WASHINGTON — With a Congress scattered across the country on recess but wary about what the U.S. will do to punish Syria after the crossing of the chemical weapons red line, President Obama’s national security team pulled lawmakers onto a conference call tonight to discuss the evidence and the path forward.

The call, hosted by Secretary of State John Kerry, Defense Secretary Chuck Hagel, Director of National Intelligence James Clapper, and UN Ambassador Susan Rice, just covered unclassified information, though, as it was held on an unsecured line.

House Foreign Affairs Committee Ranking Member Eliot Engel (D-N.Y.) said Obama’s national security team “said that he is still weighing his options and will continue to consult with Congress.”

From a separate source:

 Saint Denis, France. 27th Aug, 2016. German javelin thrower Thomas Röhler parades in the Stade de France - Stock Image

“The White House made very clear that it is beyond a doubt that chemical weapons were used, and used intentionally by the Assad regime. I agree with the president that the use of these weapons not only violates international norms, but is a national security threat to the United States,” Engel said. “The president’s team agrees that this type of action cannot go without consequences.”

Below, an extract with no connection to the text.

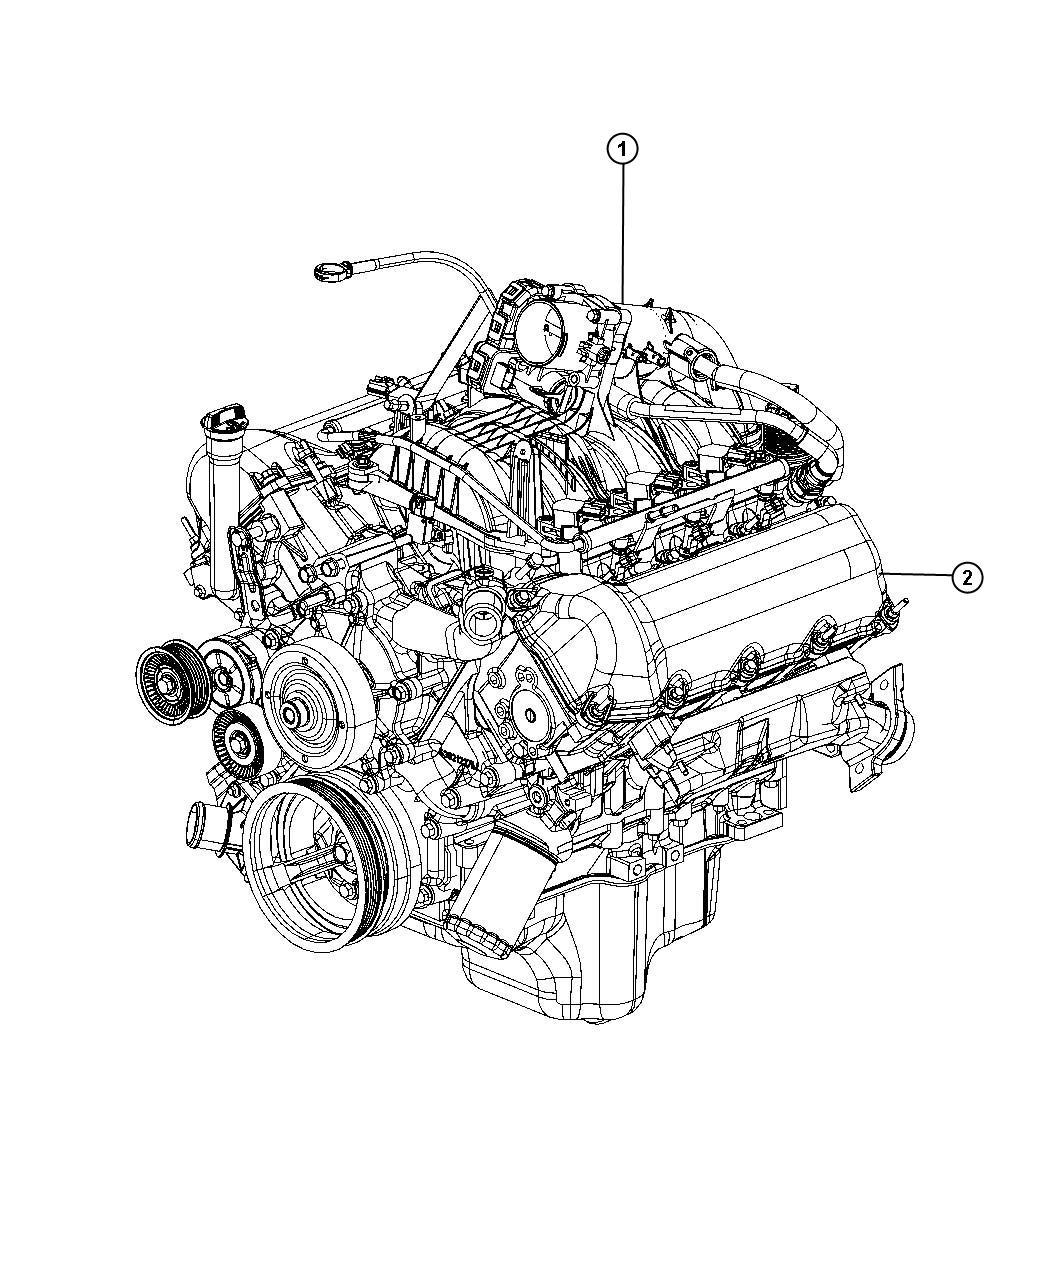 Dodge Nitro Engine Long Block Remanufactured

Sen. Bob Corker (R-Tenn.), ranking member on the Foreign Relations Committee, said he earlier received a separate classified briefing on the Syria intelligence.

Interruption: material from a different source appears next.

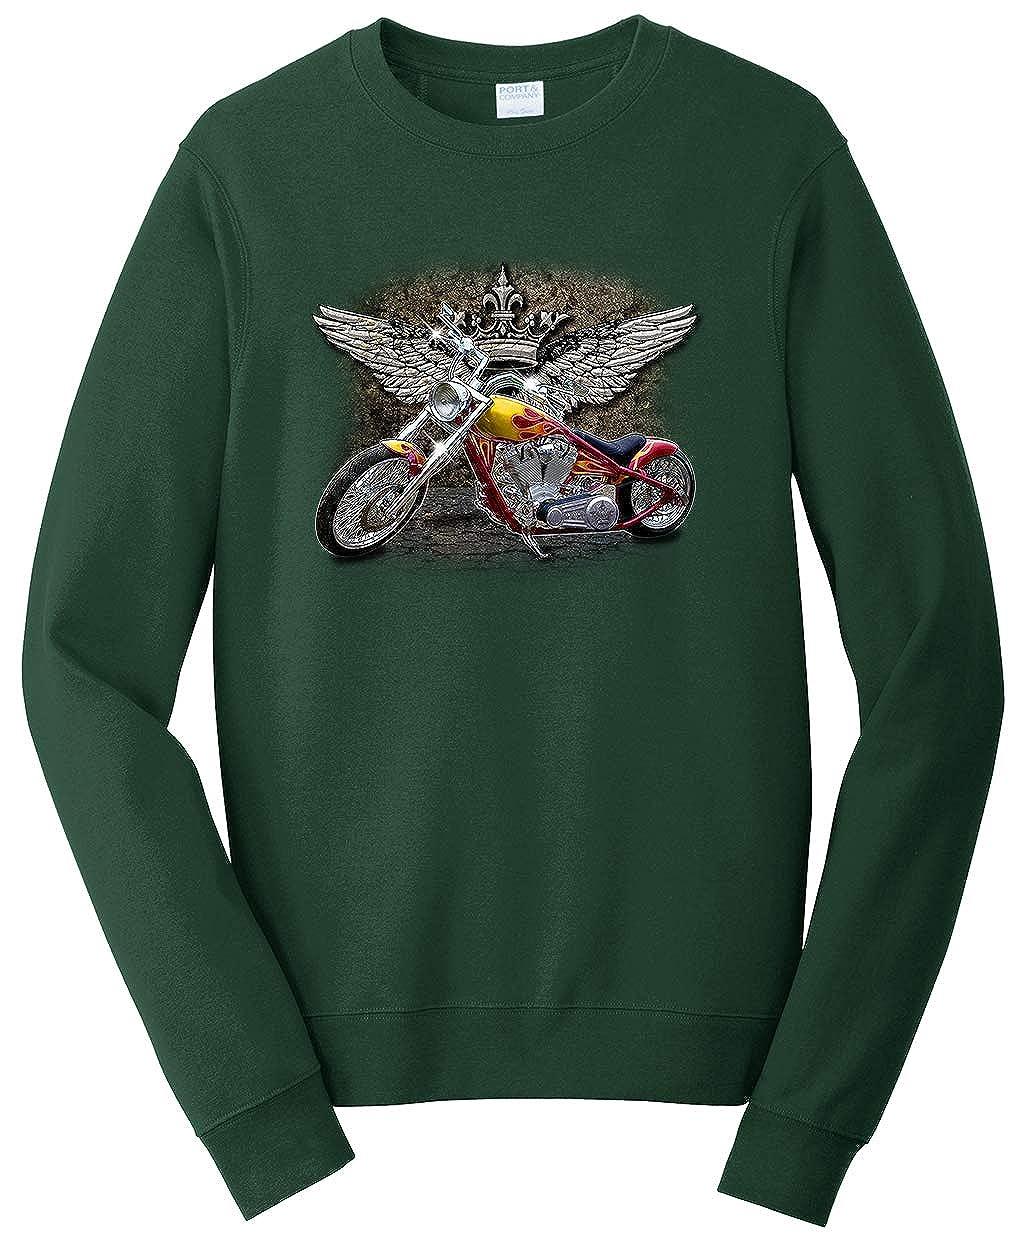 Tenacitee Unisex Crown Glory Chopper Sweatshirt

“While I’m opposed to American boots on the ground in Syria, I would support surgical, proportional military strikes given the strong evidence of the Assad regime’s continued use of chemical warfare. Whatever limited action is taken should not further commit the U.S. in Syria beyond the current strategy to strengthen the vetted, moderate opposition,” said Corker after the call.

“While the administration has engaged in congressional consultation, they should continue to be forthcoming with information and would be far better off if they seek authorization based upon our national interests, which would provide the kind of public debate and legitimacy that can only come from Congress.”

Senate Armed Services Committee Chairman Carl Levin (D-Mich.) noted he has “previously called for the United States to work with our friends and allies to increase the military pressure on the Assad regime by providing lethal aid to vetted elements of the Syrian opposition.”

“Tonight, I suggested that we should do so while UN inspectors complete their work and while we seek international support for limited, targeted strikes in response to the Assad regime’s large-scale use of chemical weapons against the Syrian people,” Levin said. “I appreciate the administration’s continuing efforts tonight to consult with Congress about the situation in Syria, and its commitment to further consultations with Congress.”

Senate Foreign Relations Committee Chairman Robert Menendez (D-N.J.) said after the call that “the use of chemical weapons by the Assad regime requires a decisive response.”

“Our national security interests, those of our allies, and regional stability are at risk as Syria is disintegrating into a failed state. This is not a moment to look the other way, to blind ourselves to the horrifying images in Syria, and to send the dangerous message to the global community that we would allow the use of a chemical weapons attack to take place with impunity,” Menendez said. “Vulnerable populations throughout the world, as well as some of our allies, and potentially even our Armed Forces could be future targets if we don’t respond.”

“Tonight’s briefing reaffirmed for me that a decisive and consequential U.S. response is justified and warranted to protect Syrians, as well as to send a global message that chemical weapons attacks in violation of international law will not stand.”

More than two dozen Senate and House leaders as well as certain committee leaders participated in the conference call, which lasted 90 minutes. Fifteen members asked questions of the administration officials.

In a readout, the White House characterized the call as “building on extensive Cabinet Member outreach to Congress over the past week.”

“The views of Congress are important to the President’s decision-making process, and we will continue to engage with Members as the President reaches a decision on the appropriate U.S. response to the Syrian government’s violation of international norms against the use of chemical weapons,” the White House said.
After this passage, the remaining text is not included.